§ What needs to be done:
From the data below, return only the lines from the one with "Takashi Murakami Figurative" through the one with "Patiënt heeft naast", exact and inclusive, with pictures left out.

§ Exercise inputs:
· · ·

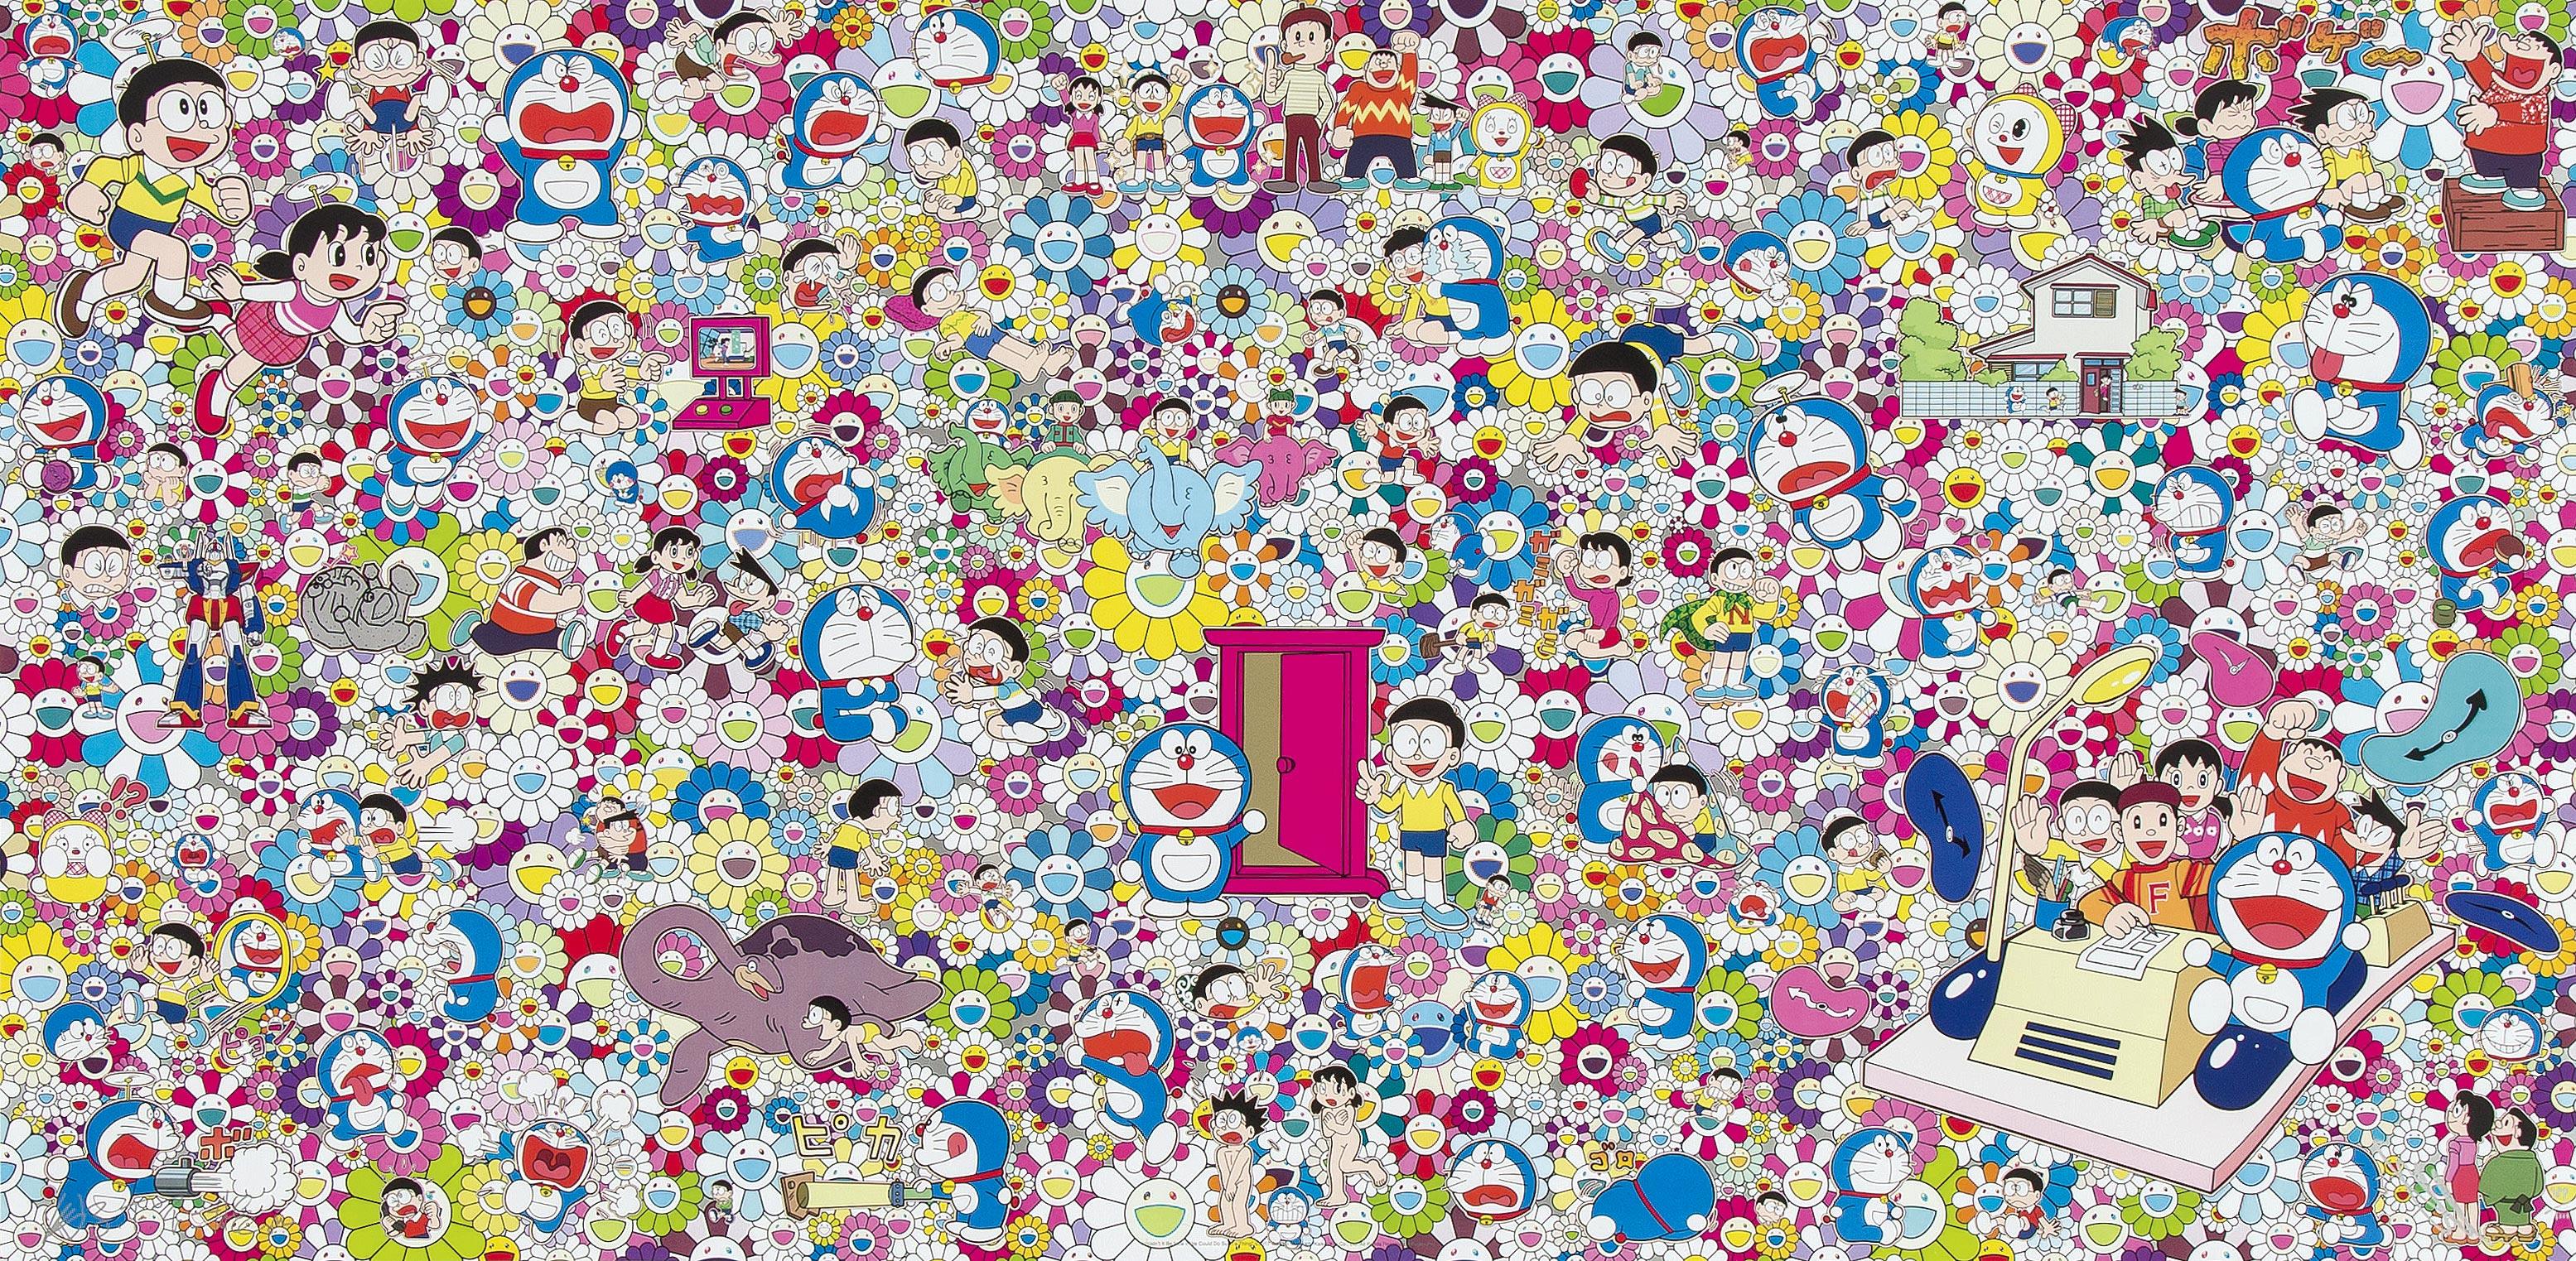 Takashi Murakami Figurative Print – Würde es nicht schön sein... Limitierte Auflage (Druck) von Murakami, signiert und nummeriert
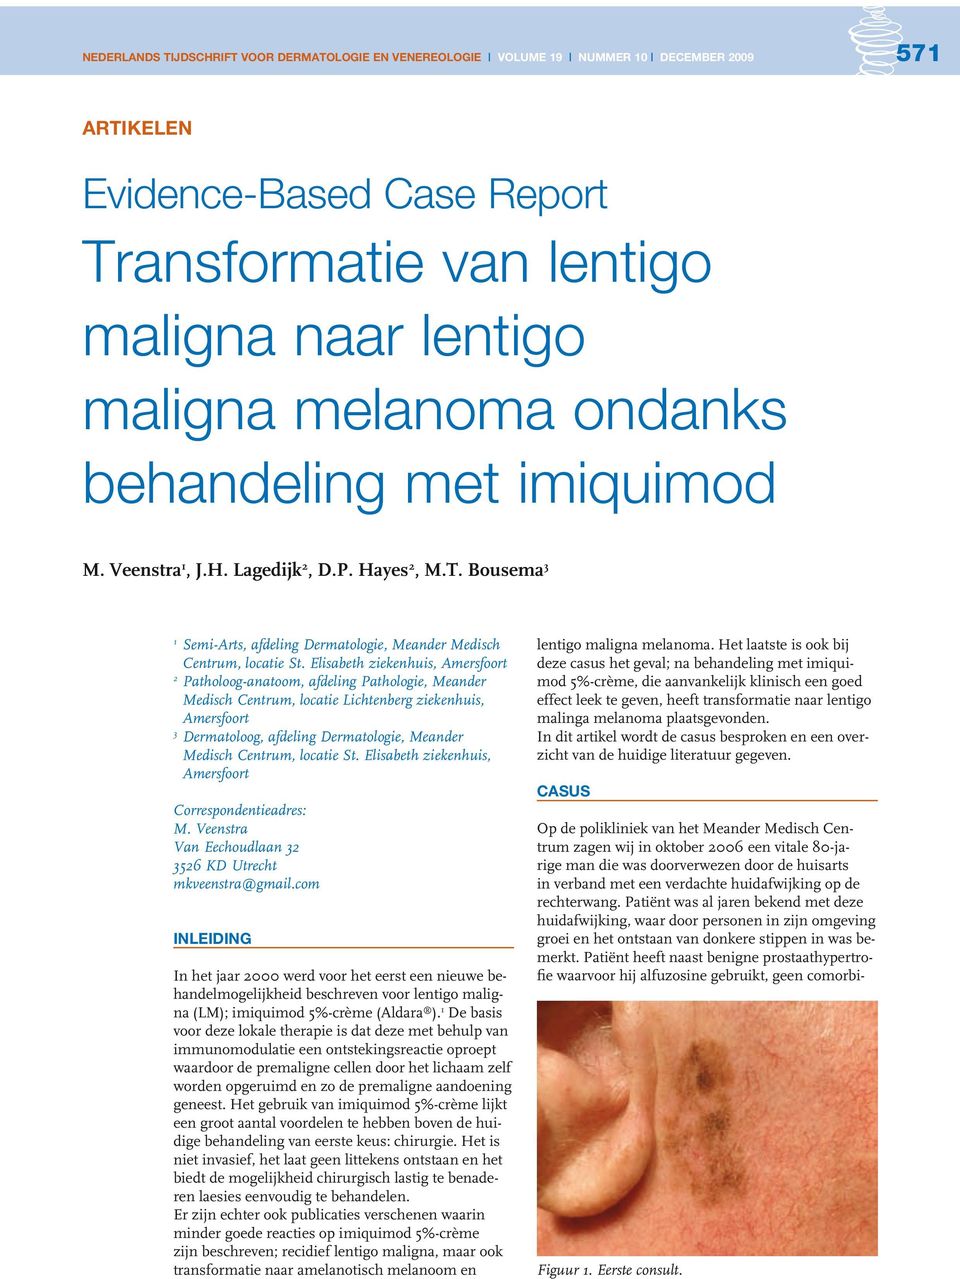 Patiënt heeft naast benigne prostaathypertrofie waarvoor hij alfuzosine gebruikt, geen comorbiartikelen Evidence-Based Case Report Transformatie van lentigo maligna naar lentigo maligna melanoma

· · ·

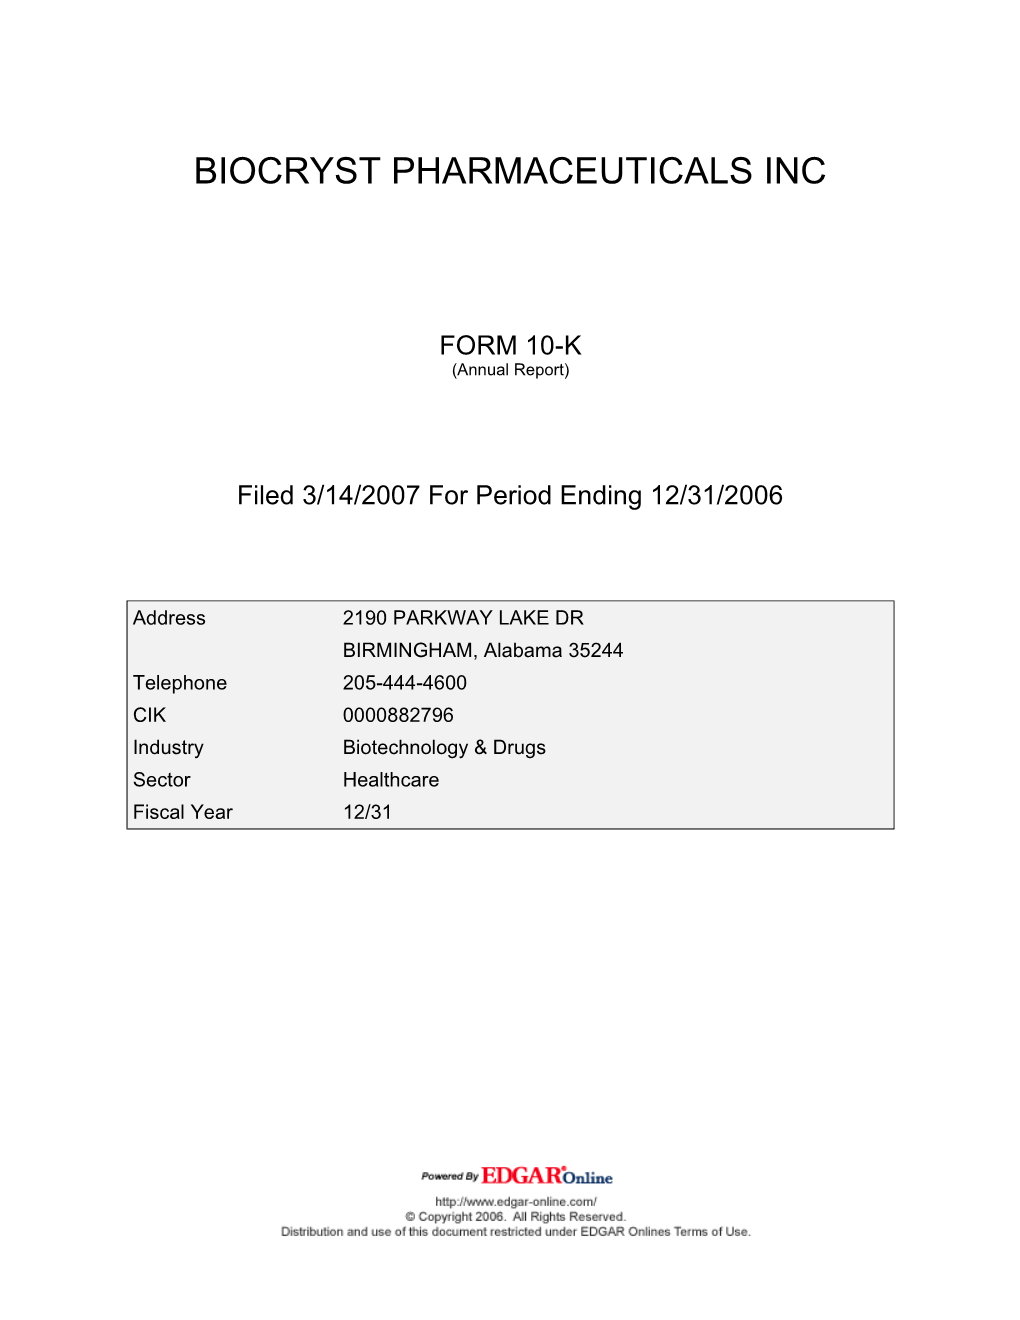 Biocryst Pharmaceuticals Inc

· · ·

§ Result of this exercise:
 Takashi Murakami Figurative Print – Würde es nicht schön sein... Limitierte Auflage (Druck) von Murakami, signiert und nummeriert
 Patiënt heeft naast benigne prostaathypertrofie waarvoor hij alfuzosine gebruikt, geen comorbiartikelen Evidence-Based Case Report Transformatie van lentigo maligna naar lentigo maligna melanoma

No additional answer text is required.